Although I grew up on a steady diet of kung fu, Ultraman, and Godzilla (among other things), it wasn’t until the late 1980s that I headed out in search of material beyond that which was served up to me on Saturday afternoon via various themed “theaters” on television. It was a difficult road to travel at the time. These days, you can go pretty much anywhere and find a slew of cheap kungfu films for sale. But not so long ago, getting even the dodgiest fare from across the Pacific required months of searching and dealing with shady tape traders who kept asking if you were interested in their bondage videos or their band’s newest demo when all you wanted was a copy of the latest Jackie Chan film. When I moved to Florida in 1990, I met a guy who shared my love for all things kungfu. It was he who took me to a place on the outskirts of Gainesville that stocked shelves upon shelves of old-school kungfu films. It was one of those moments where your eyes filled with tears, and you want to fall to your knees and mutter “Amitābha!” In those carefree years, few things could bring a glow to my face quite like those familiar notes accompanying an animated seahorse flying through space while an announcer shouted “THIS is an Ocean Shores VIDEO presentation!”
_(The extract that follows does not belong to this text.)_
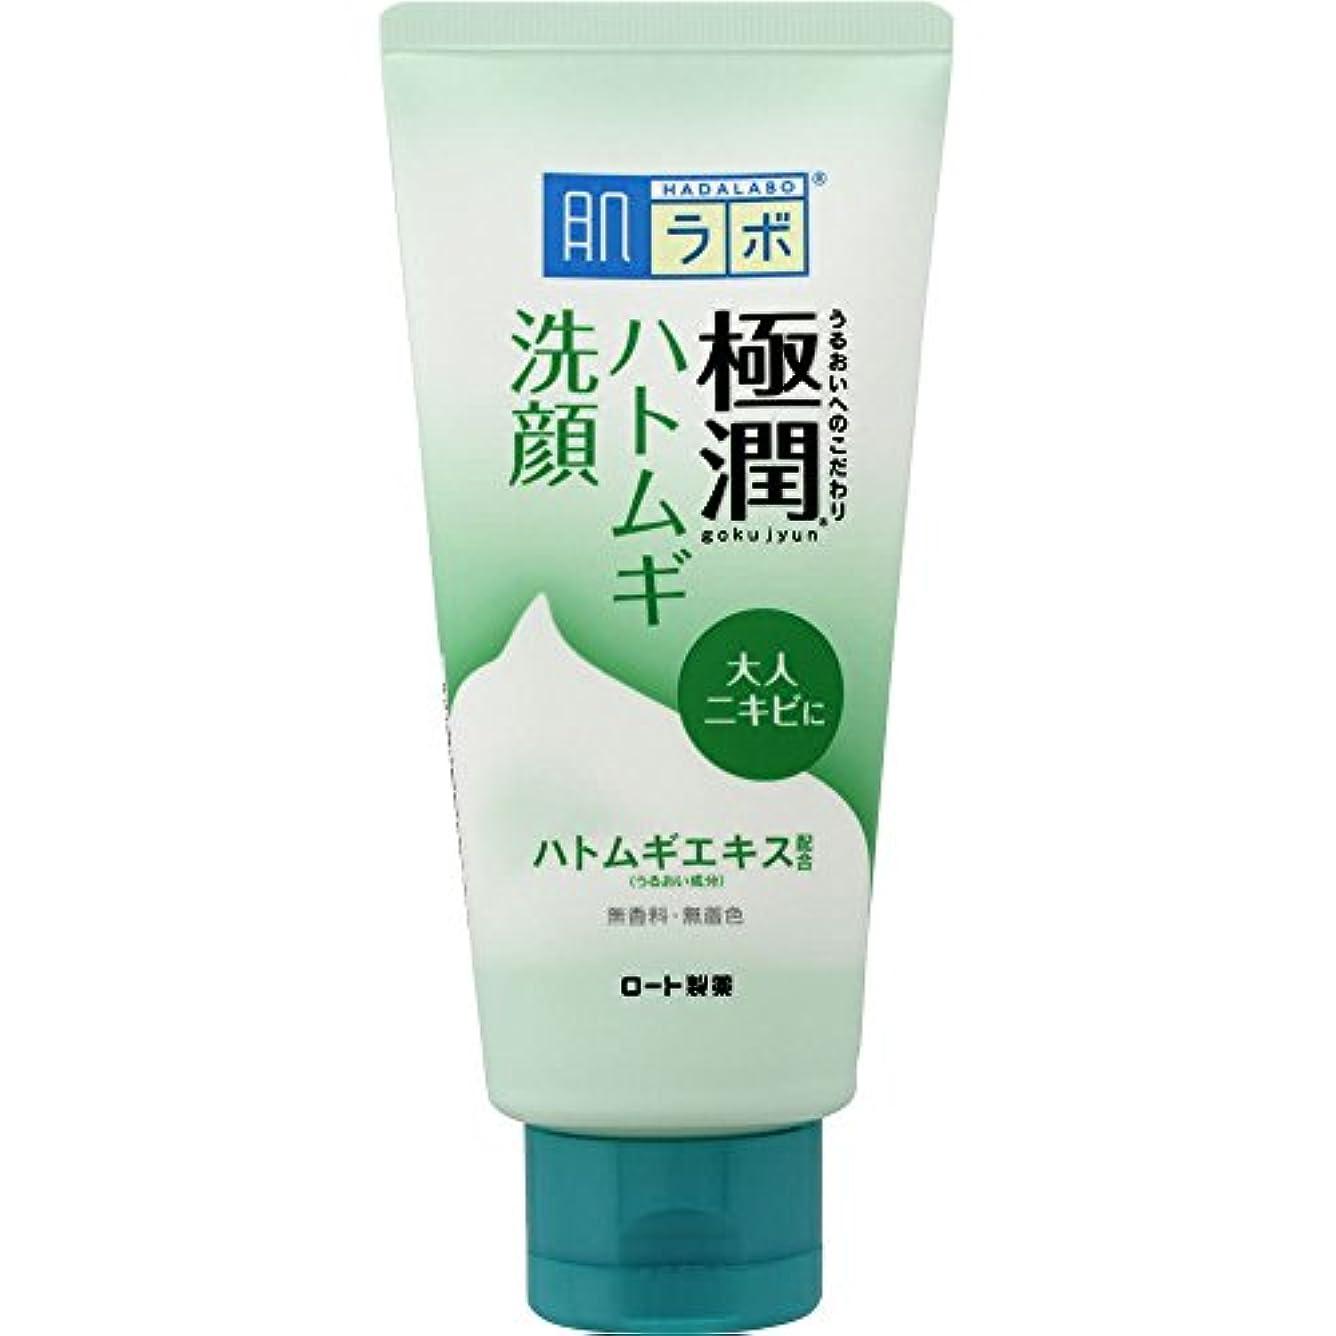 肯定的ライバル件名肌ラボ 極潤 毛穴洗浄 大人ニキビ予防 ハトムギ洗顔フォーム 100g

Kung Fu Zombie (Wu long tian shi zhao ji gui, 1981), directed by Hua Shan, was among our favorite rentals, along with its not-quite sequel Kung Fu from Beyond the Grave (1982). Hua Shan started at Shaw Brothers as a cinematographer in the 1970s and, by the middle of the decade, transitioned into the director’s chair. He made an impression right out of the gate, directing the eye-popping superhero monsterfest Infra-Man in 1975. He never quite matched that phantasmagoric masterpiece, but he worked throughout the 1970s, splitting his time between mid-level martial arts adventures and erotica, blending the two whenever he got a chance. In the 1980s, as the Shaw Brothers’ ironclad grip on its performers slipped and draconian studio contracts fell out of fashion, Hua branched out, working with the Shaws while also collaborating with other producers. In 1981, he delivered a pretty amazing one-two punch, directing the insane Bloody Parrot for the Shaws and the delirious Kung Fu Zombie for independent producer Pal Ming’s Eternal Film (H. K.) Co.

In Kung Fu Zombie, underrated should-have-been superstar Billy Chong stars as Fong Fang, a snotty, rebellious guy who constantly fights with his ailing father (Chiang Tao). There isn’t much about the guy for which you can root. He’s a thorough heel, which is something kungfu comedies love to do: make the hero an asshole. Sometimes, in the end, he learns a valuable lesson about humility and respect. More times than not, however, he just beats people up then farts in their faces, and that’s the end of the movie. No lesson learned, no character growth, really nothing whatsoever to redeem them beyond being better than someone else at kungfu.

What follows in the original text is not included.